▶ WHAT YOU ARE ASKED TO DO
Copy out each line below verbatim, skipping any picture.

▶ RAW DATA
#####

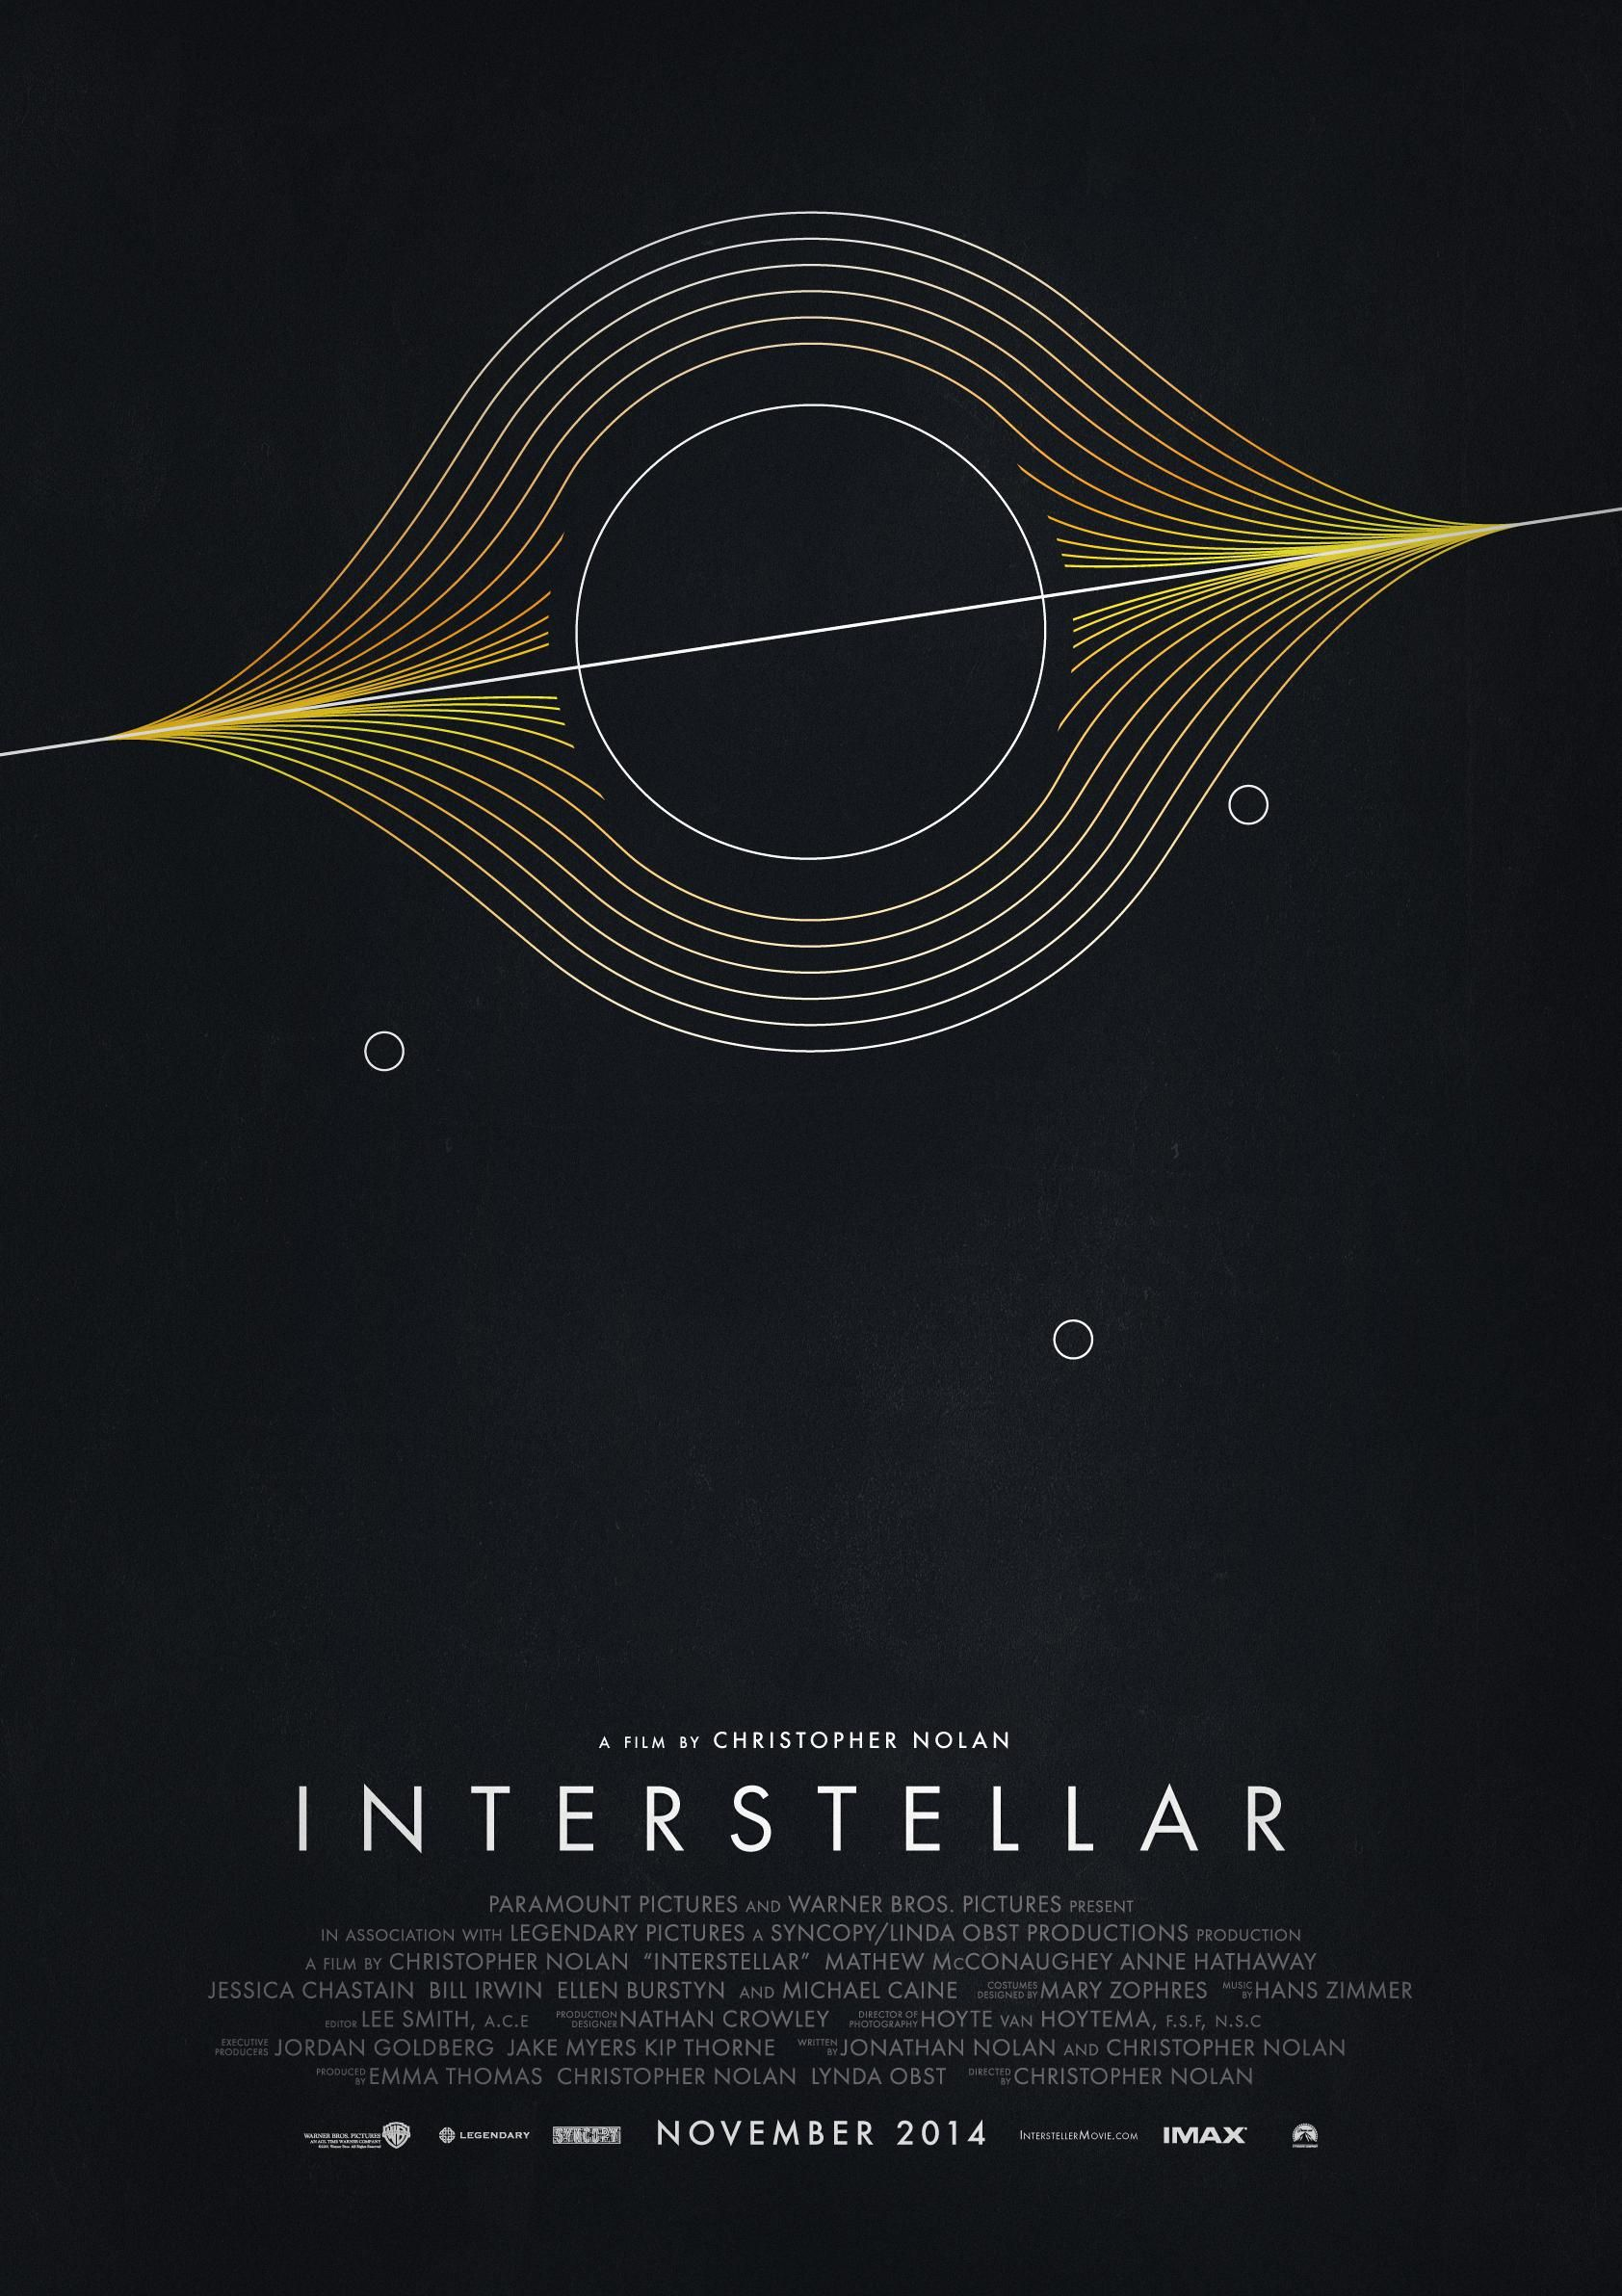 Interstellar Movie Poster …   Illustration in 2019…  Interstellar Mo...
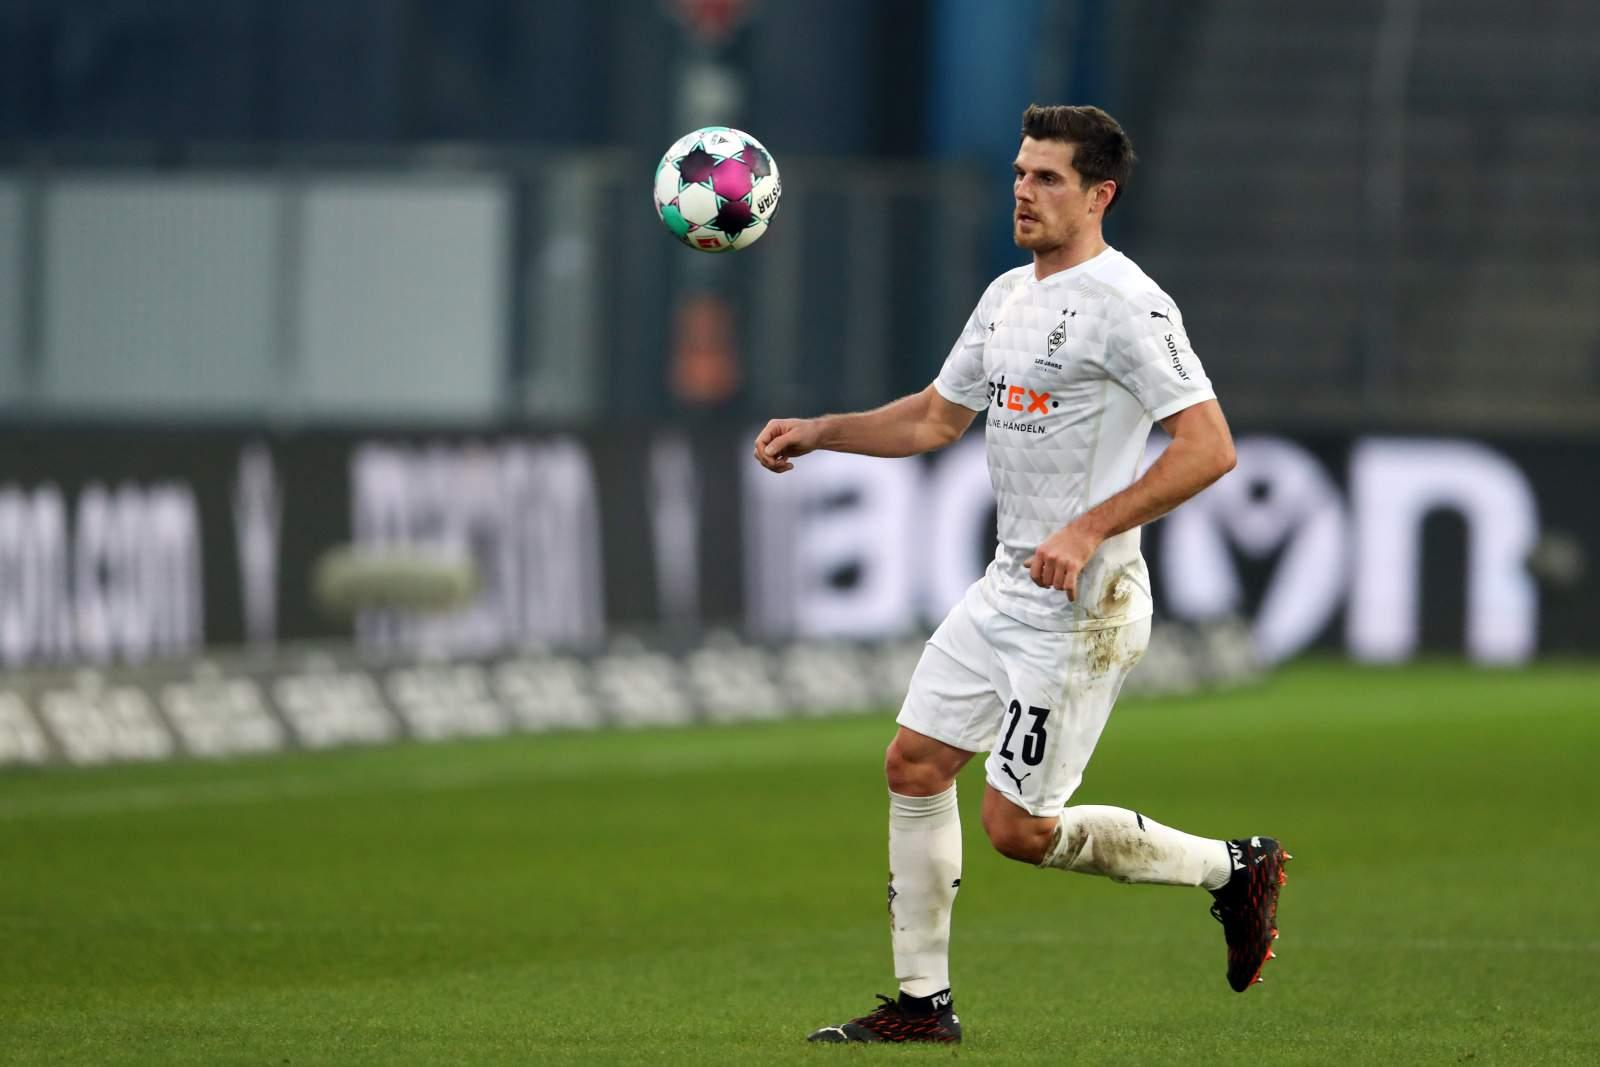 «Бавария» проиграла в Мёнхенгладбахе, ведя в счёте 2:0
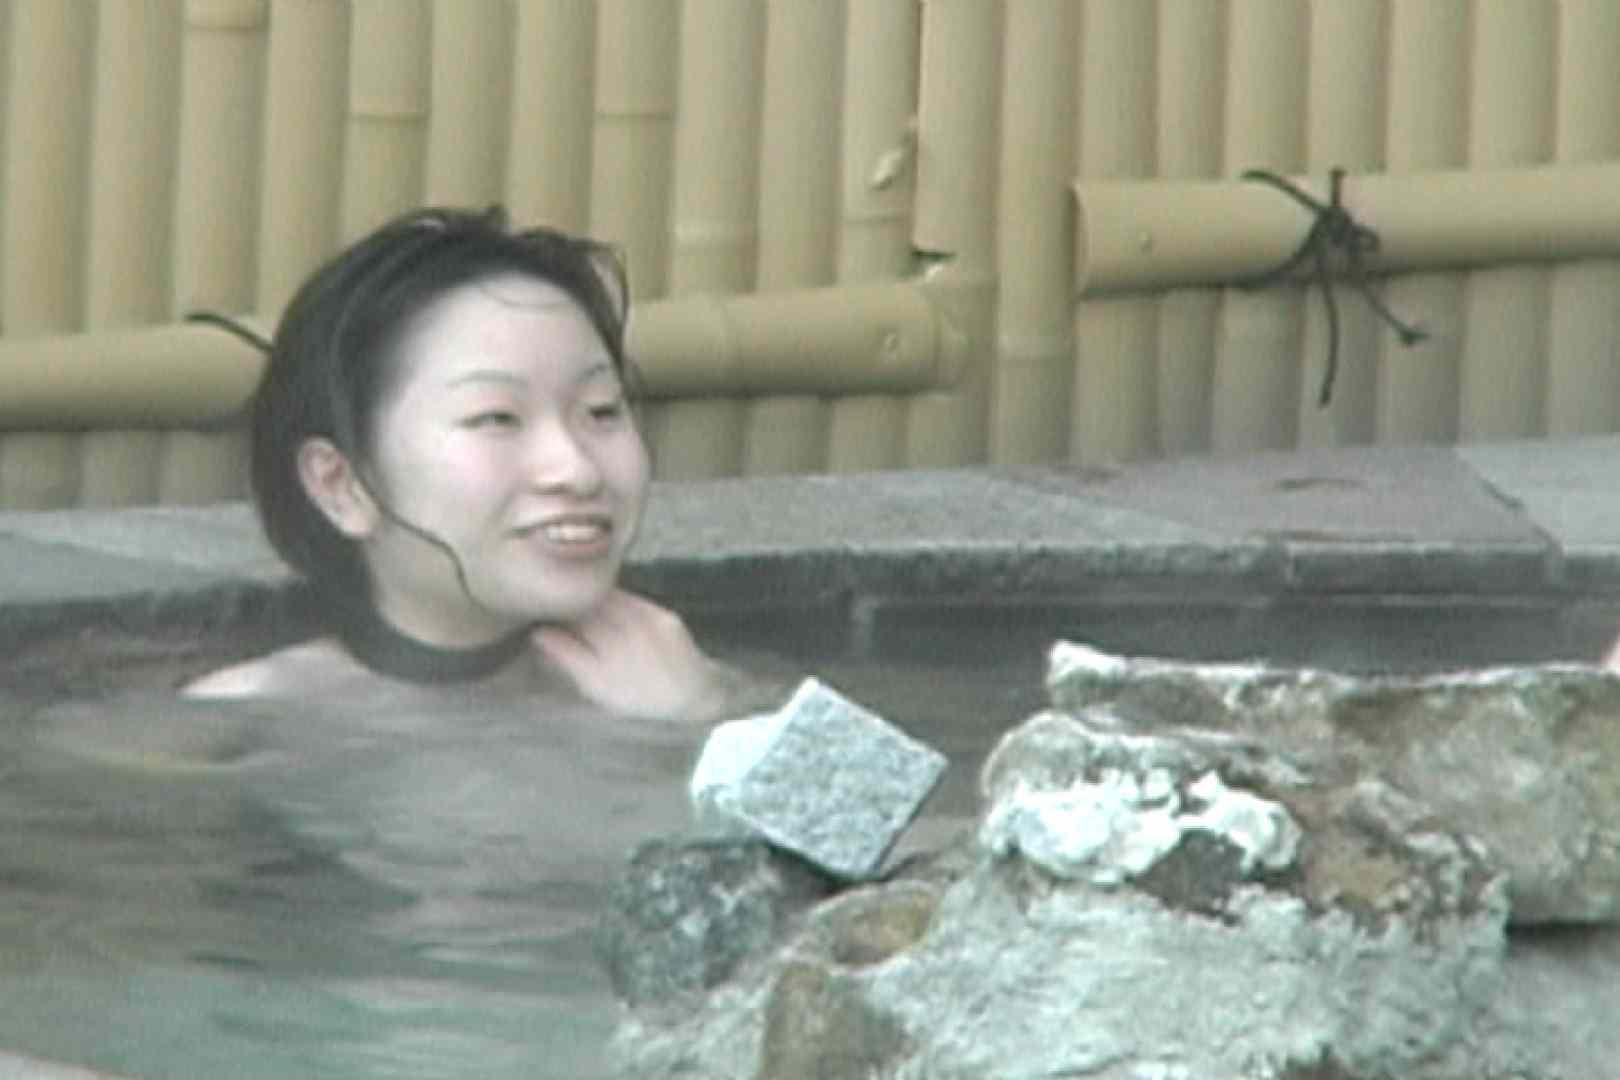 Aquaな露天風呂Vol.595 HなOL | 露天  65pic 62
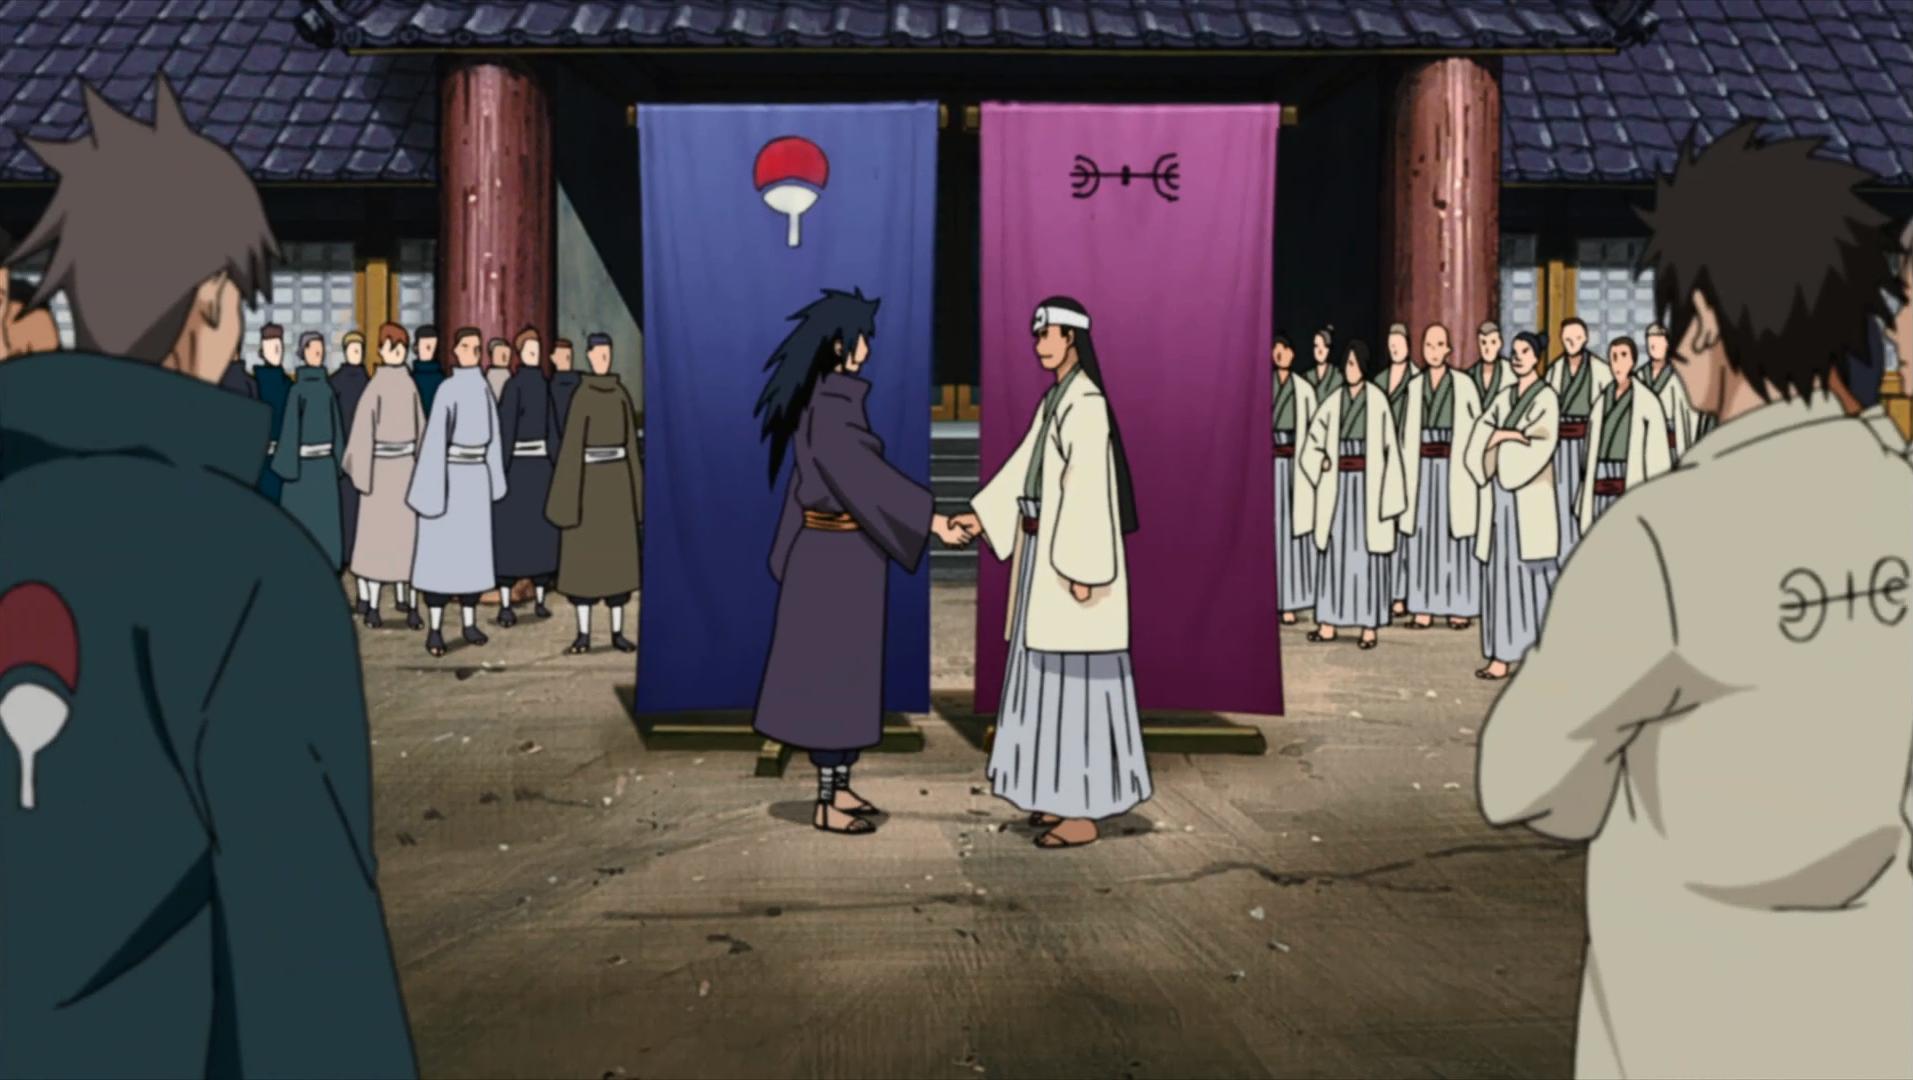 Uchiha Family The Senju and Uchiha form an

#####

▶ YOUR RESPONSE
 Interstellar Movie Poster …   Illustration in 2019…  Interstellar Mo...
 «Бавария» проиграла в Мёнхенгладбахе, ведя в счёте 2:0
 Aquaな露天風呂Vol.595 HなOL | 露天  65pic 62
 Uchiha Family The Senju and Uchiha form an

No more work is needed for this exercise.